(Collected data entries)
______

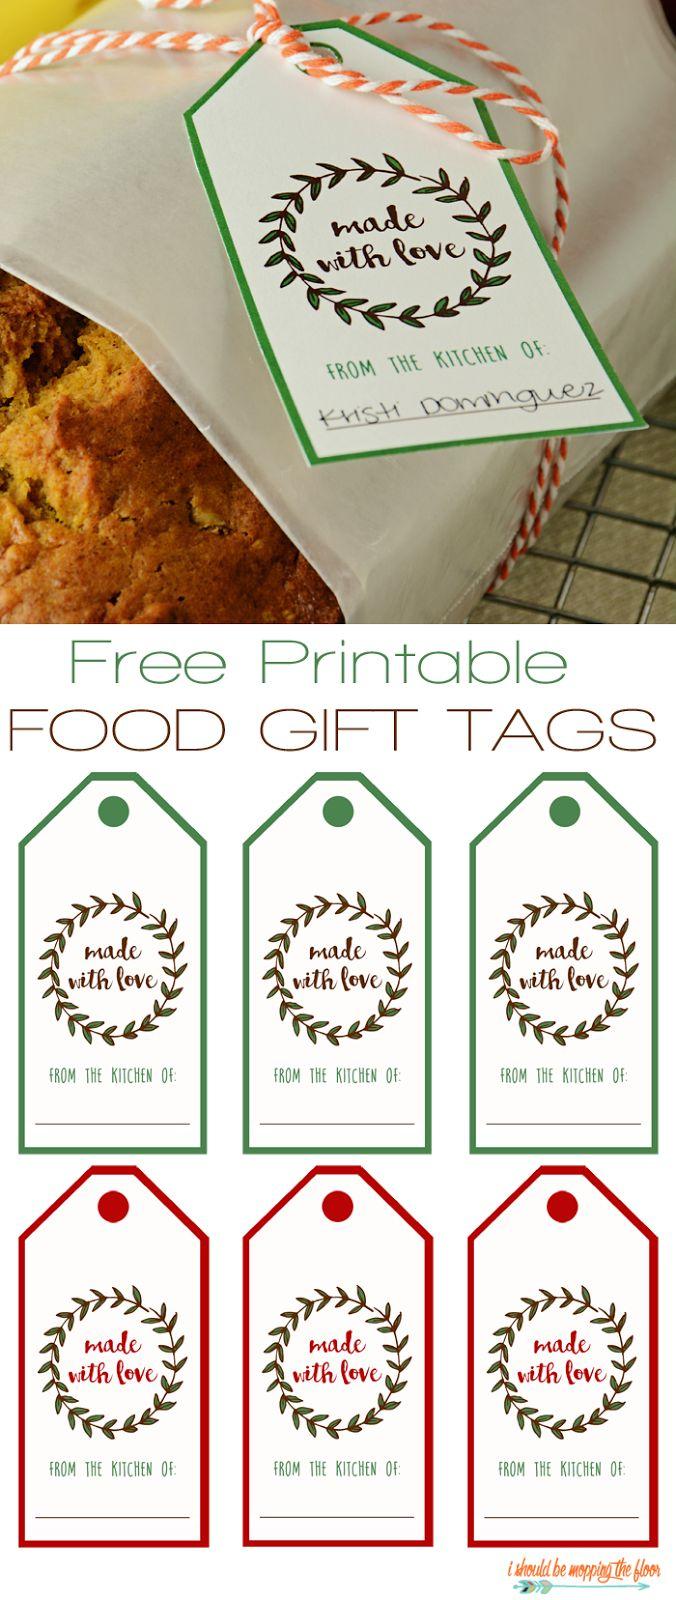 Free Printable Food Gift Tags   Printables   Pinterest   Gift Tags - Diy Christmas Gift Tags Free Printable
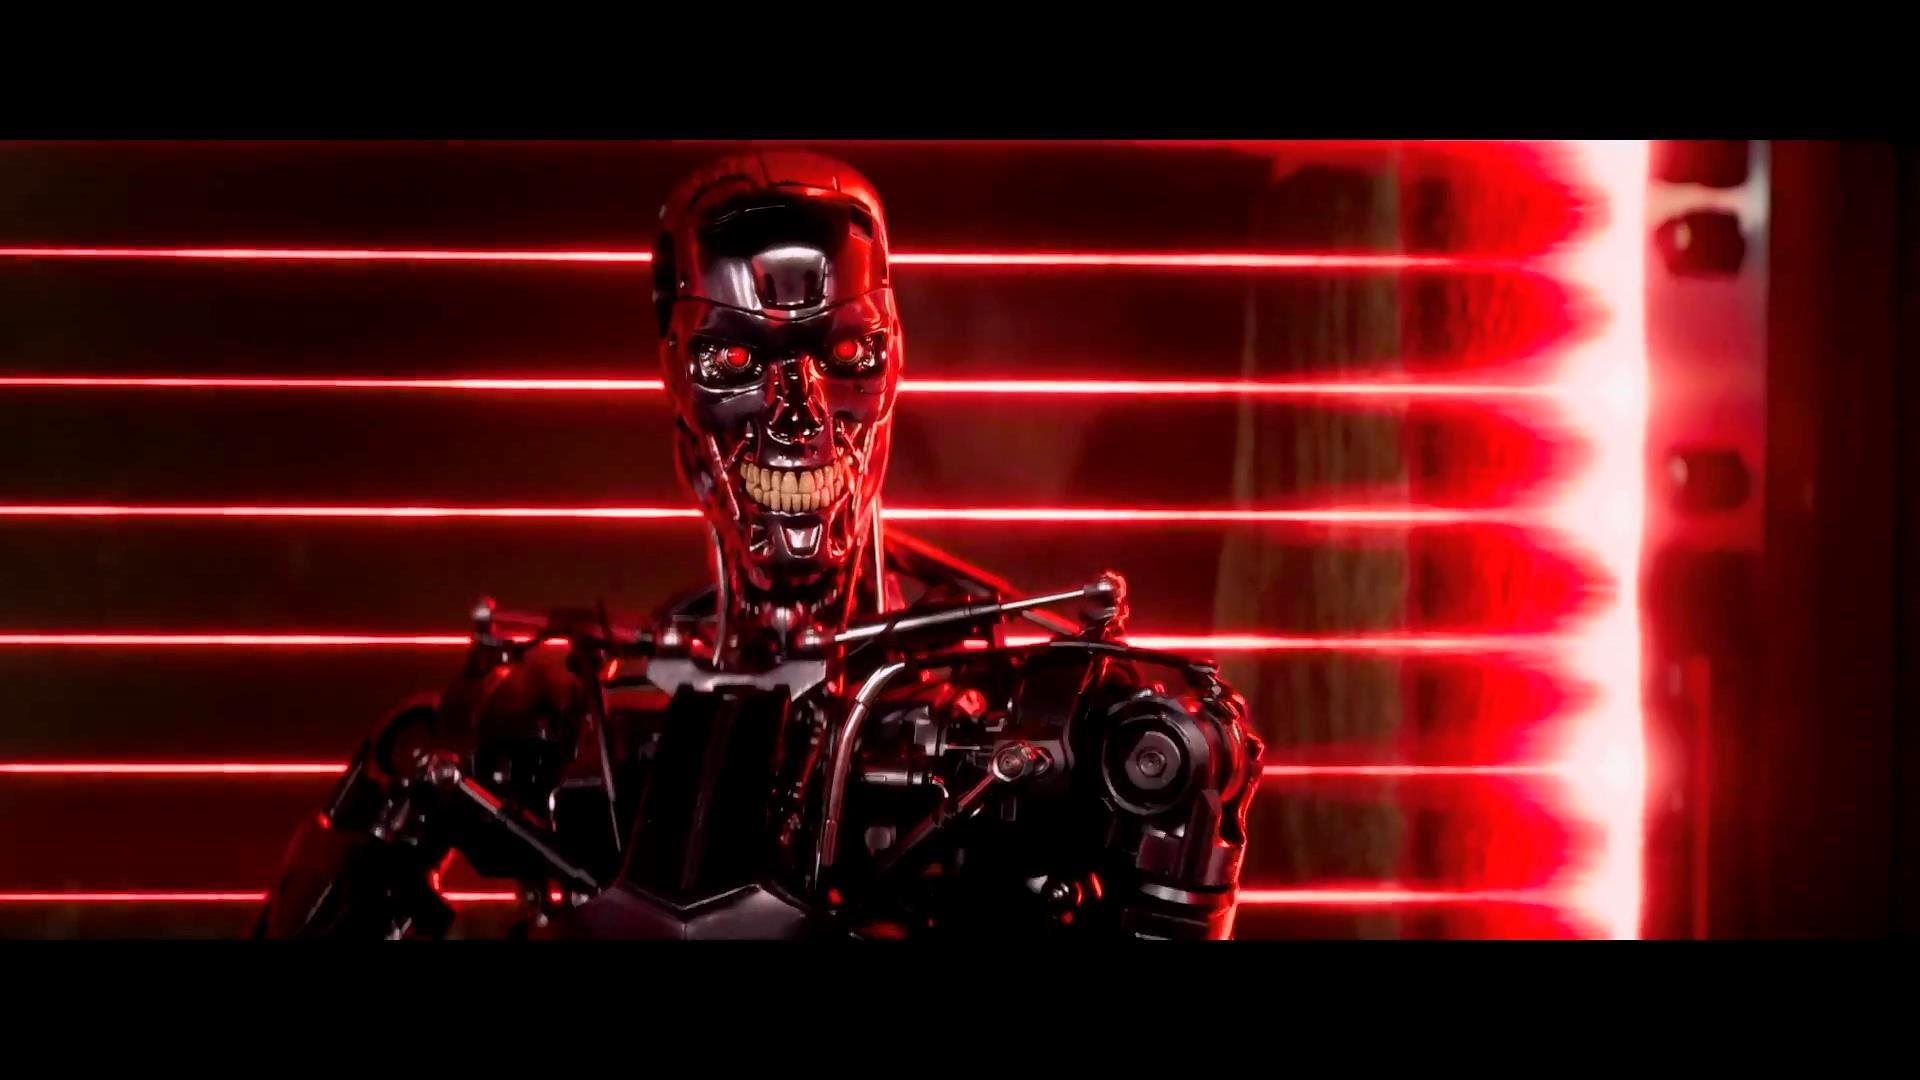 Терминатор 5 трейлер на русском 4 фотография
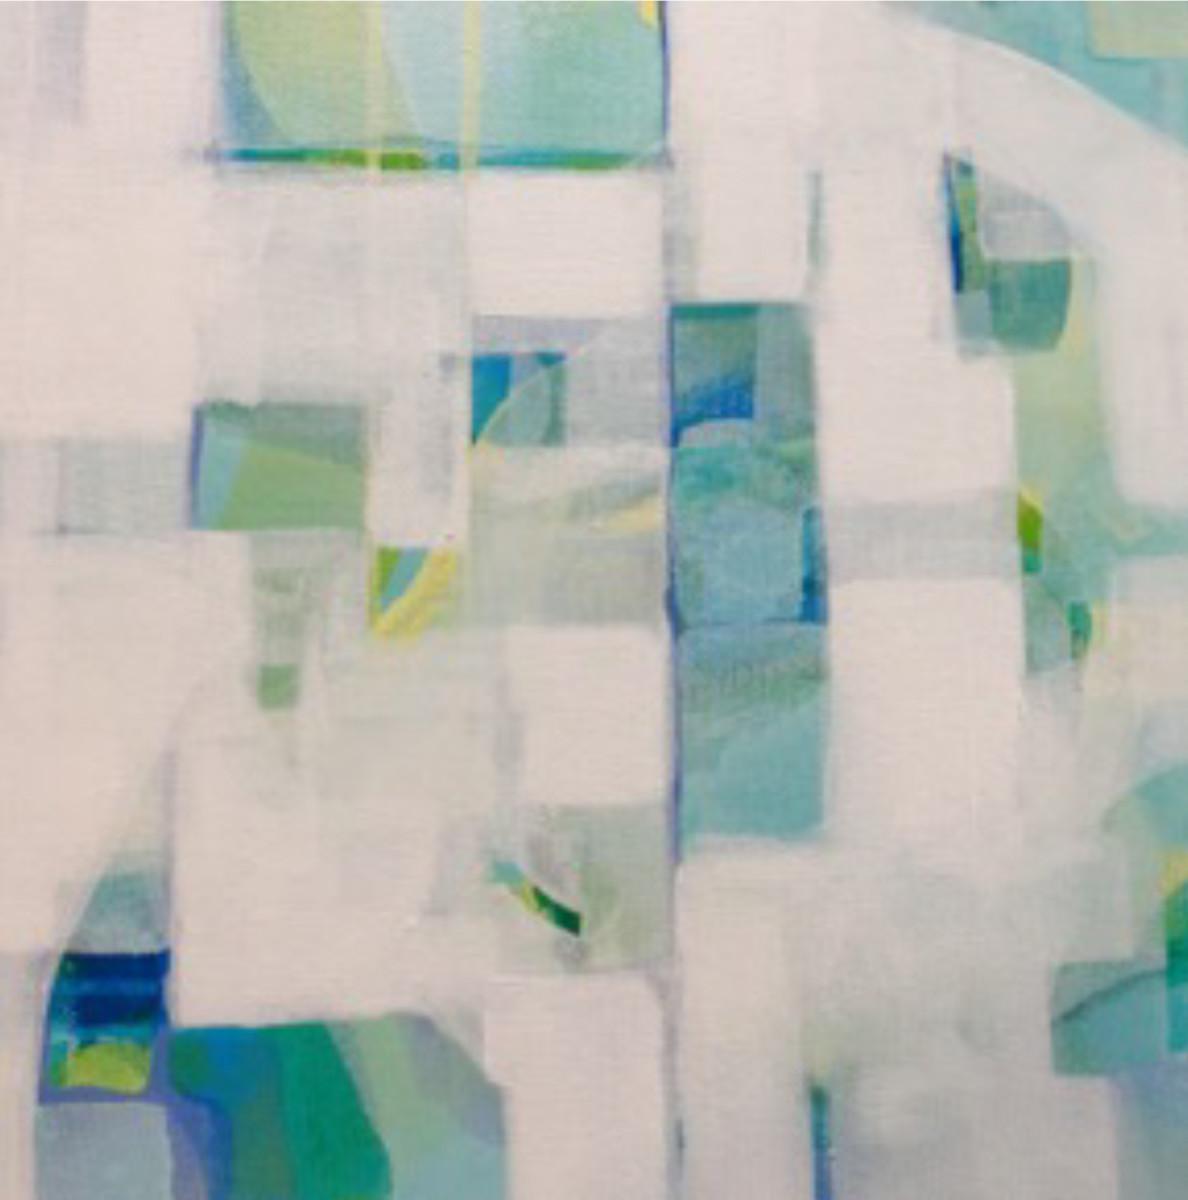 Dreaming Mini #5 by Beth Munro
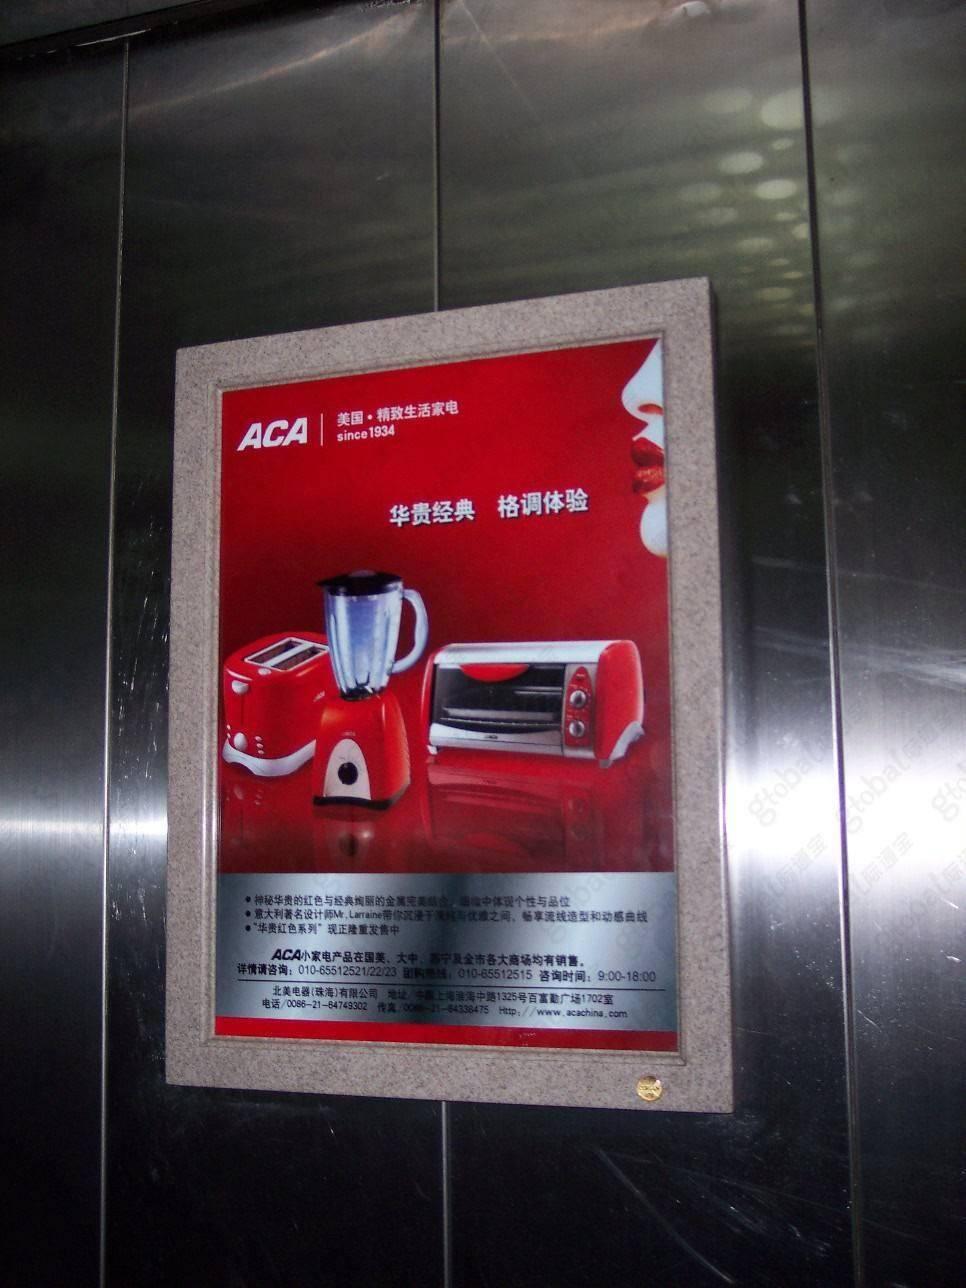 银川电梯广告公司广告牌框架3.0投放(100框起投)
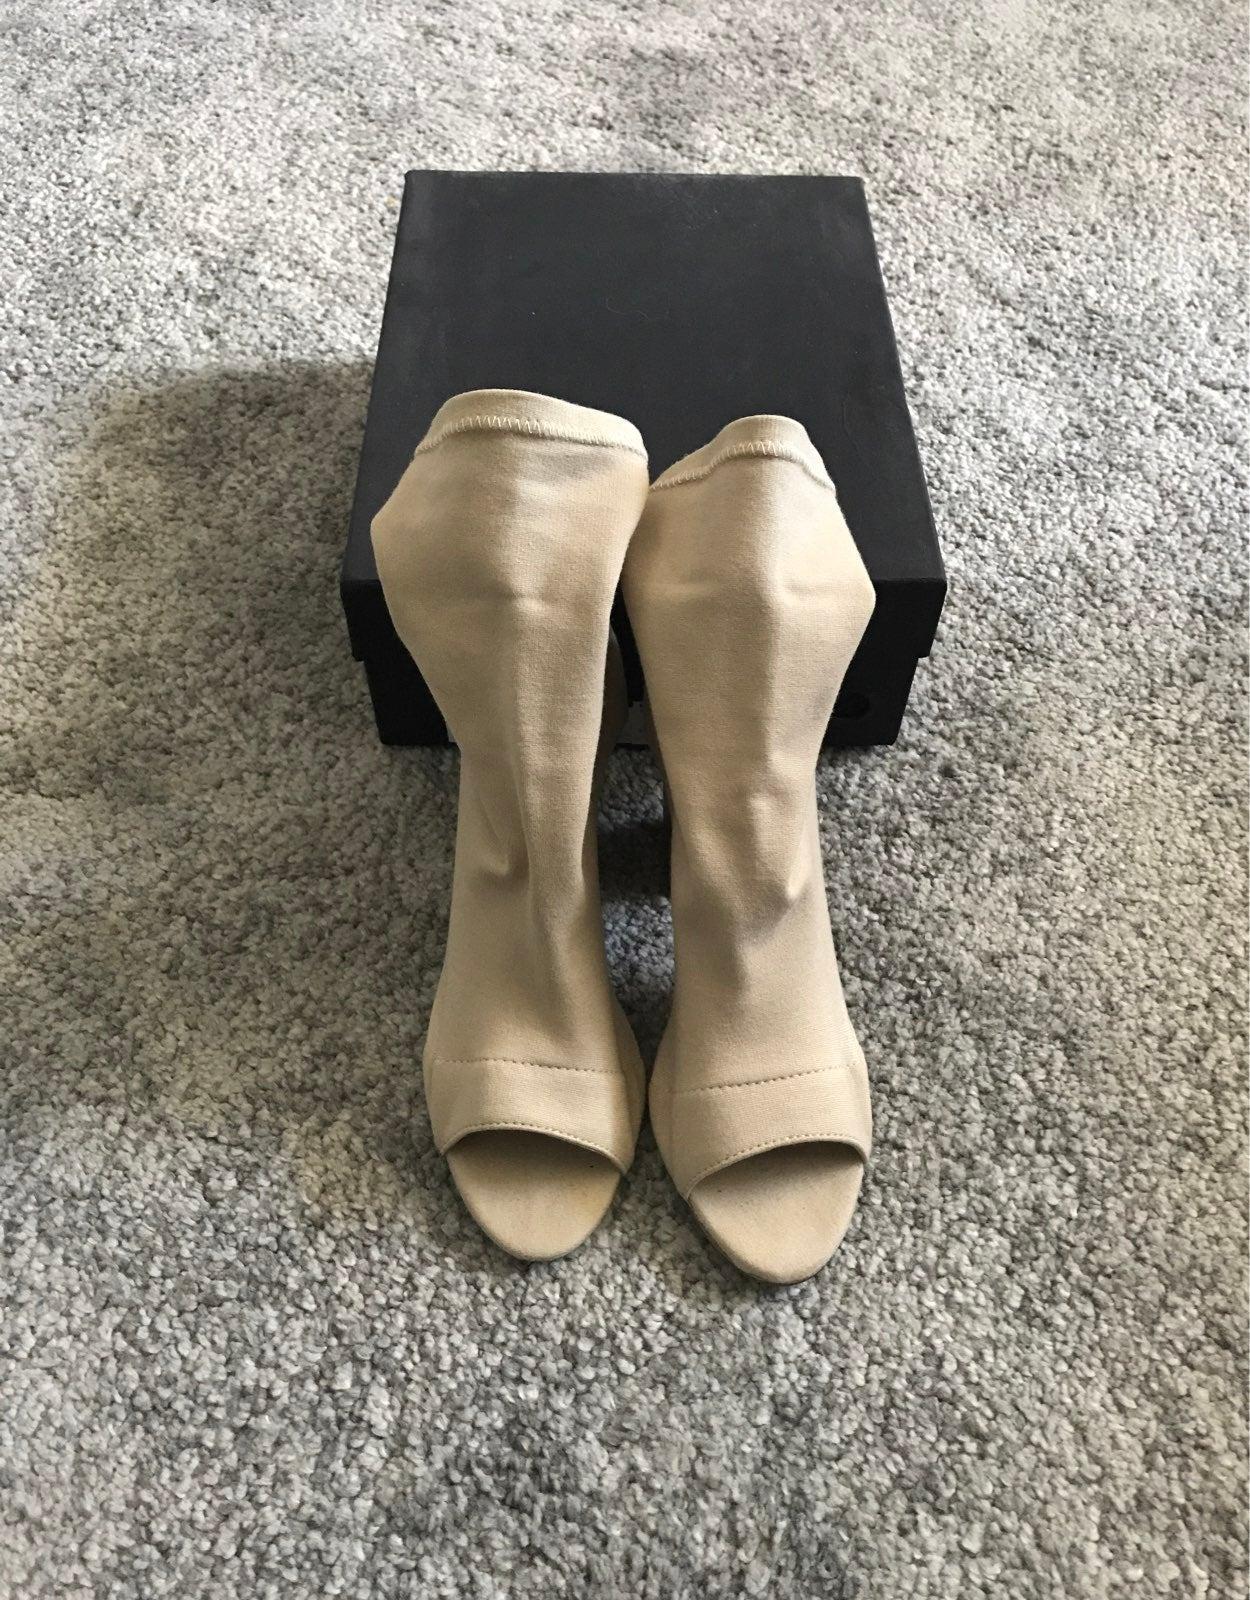 Tony Bianco Heels Malo Size 6.5 Beige Co

______

Return each of the lines exactly as they appear above, with no images.

• **Answer for the task**:
 Free Printable Food Gift Tags   Printables   Pinterest   Gift Tags - Diy Christmas Gift Tags Free Printable
 Терминатор 5 трейлер на русском 4 фотография
 Dreaming Mini #5 by Beth Munro
 银川电梯广告公司广告牌框架3.0投放(100框起投)
 Tony Bianco Heels Malo Size 6.5 Beige Co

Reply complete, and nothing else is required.